CECa: Complementary Ensemble Clustering - version a
In IntClust: Integrated Data Analysis via Clustering

Description Usage Arguments Details Value Note Author(s) References See Also Examples

Function CECa performs complementary ensemble clustering in which in every iteration the number of random samples taken is randomly set between m/2 and m-1 with m the total number of features. The number of features to sample can also be specified by the user.

1
2
3

CECa(List, distmeasure = c("tanimoto", "tanimoto"),normalize=FALSE,method=NULL,
t = 10, r = NULL, nrclusters = NULL, weight = NULL, clust = "agnes",
linkage=c("flexible","flexible"),alpha=0.625, WeightClust = 0.5,StopRange=FALSE)

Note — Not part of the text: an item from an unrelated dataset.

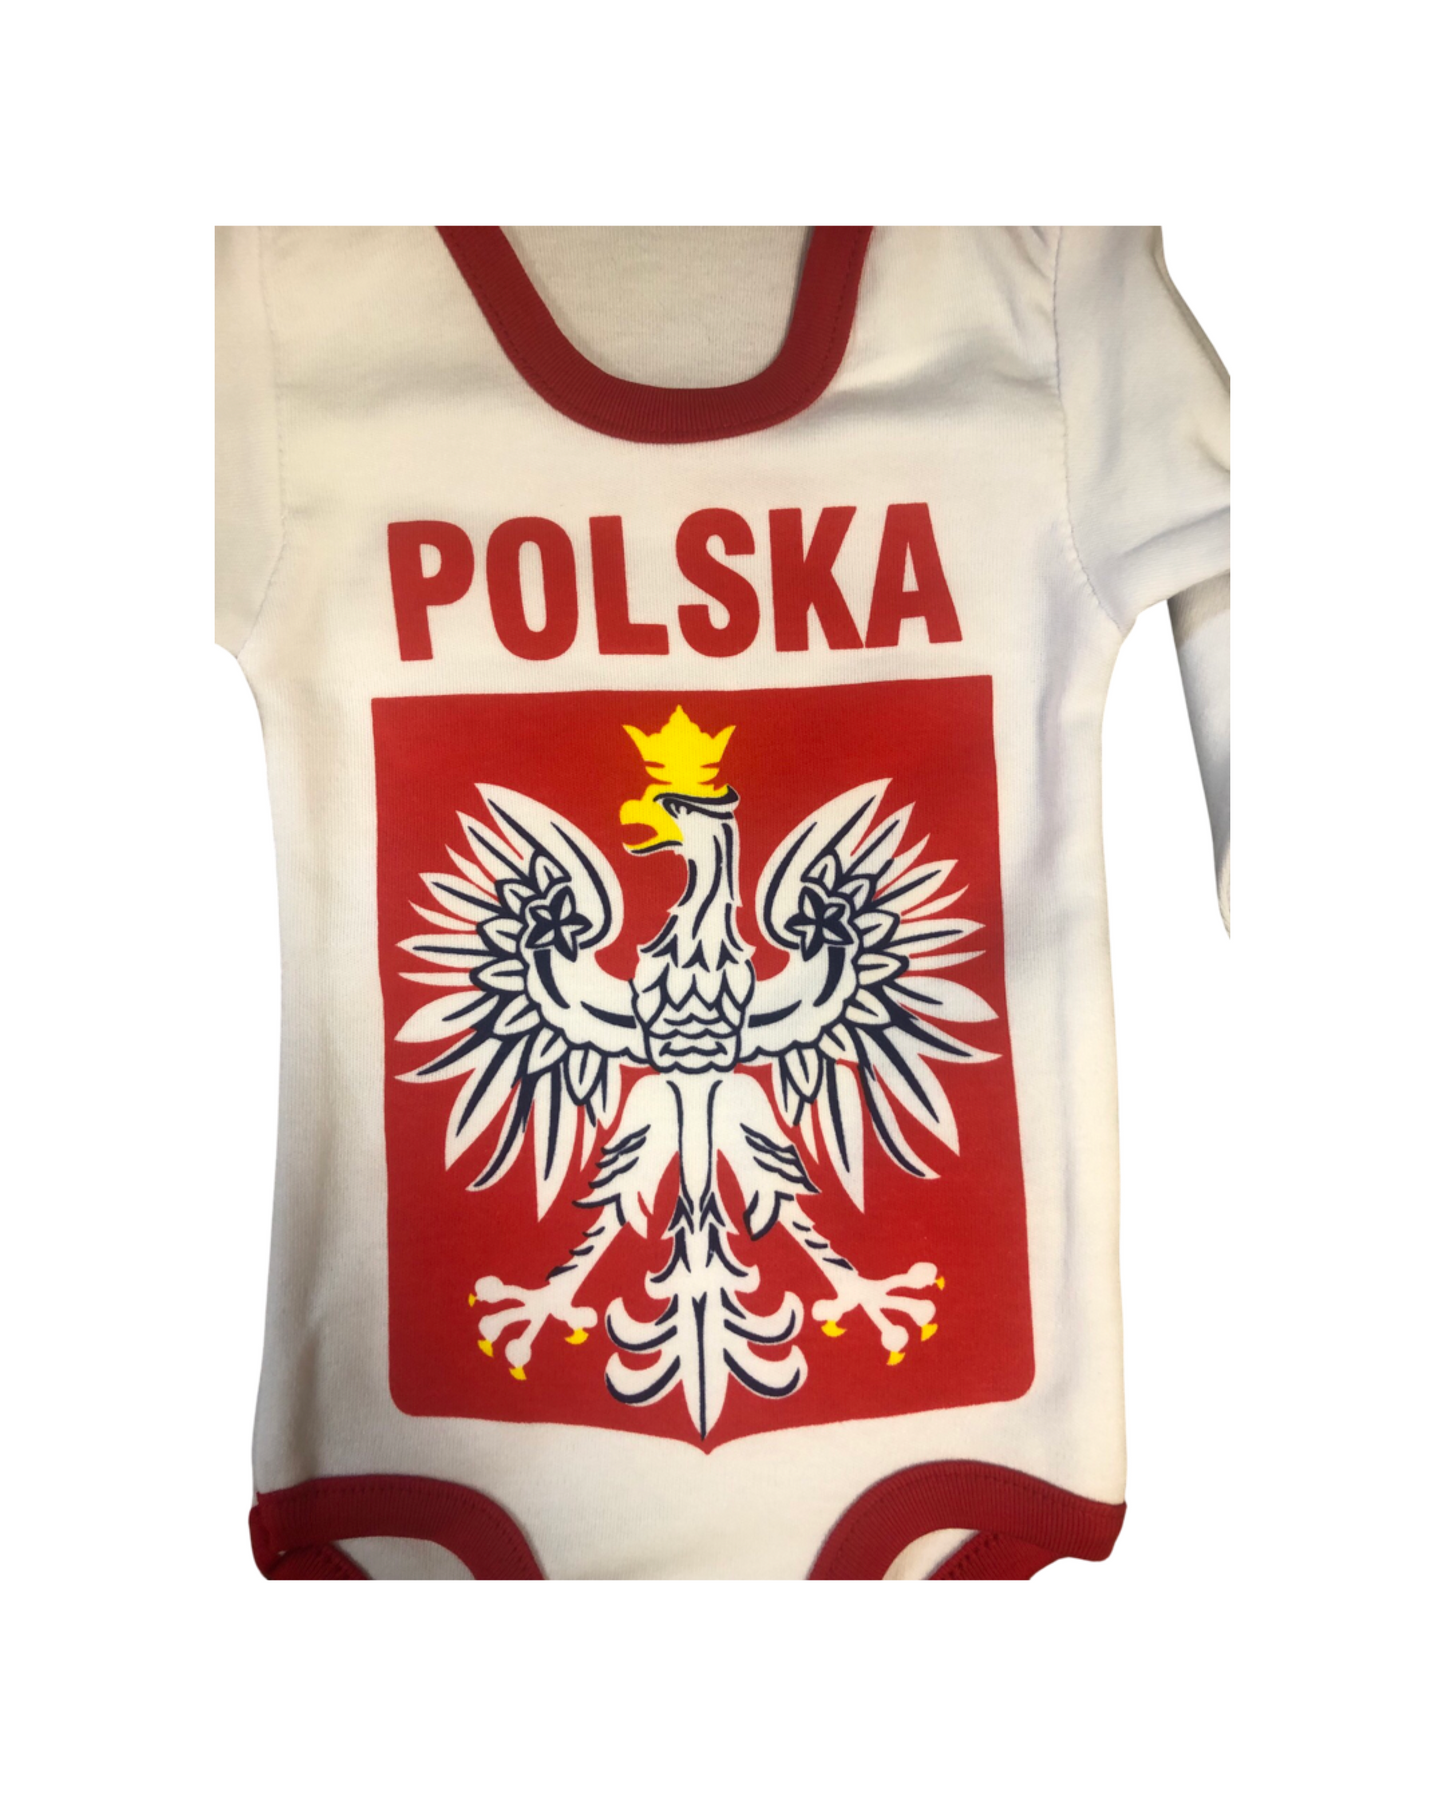 Polska Infant One-Piece Pajama

`List`	A list of data matrices. It is assumed the rows are corresponding with the objects.
`distmeasure`	A character vector with the distance measure for each data matrix. Should be one of "tanimoto", "euclidean", "jaccard","hamming".
`normalize`	Logical. Indicates whether to normalize the distance matrices or not. This is recommended if different distance types are used. More details on normalization in `Normalization`.
`method`	A method of normalization. Should be one of "Quantile","Fisher-Yates", "standardize","Range" or any of the first letters of these names.
`t`	The number of iterations.
`r`	Optional. The number of features to take for the random sample.
`nrclusters`	A vector of the number of clusters to cut the dendrogram of each clustering result in.
`weight`	Optional. A list of different weight combinations for the data sets in List. If NULL, the weights are determined to be equal for each data set. It is further possible to fix weights for some data matrices and to let it vary randomly for the remaining data sets. An example is provided in the details.
`clust`	Choice of clustering function (character). Defaults to "agnes".
`linkage`	A vector with the choice of inter group dissimilarity (character) for each data set.
`alpha`	The parameter alpha to be used in the "flexible" linkage of the agnes function. Defaults to 0.625 and is only used if the linkage is set to "flexible"
`WeightClust`	A weight for which the result will be put aside of the other results. This was done for comparative reason and easy access.
`StopRange`	Logical. Indicates whether the distance matrices with values not between zero and one should be standardized to have so. If FALSE the range normalization is performed. See `Normalization`. If TRUE, the distance matrices are not changed. This is recommended if different types of data are used such that these are comparable.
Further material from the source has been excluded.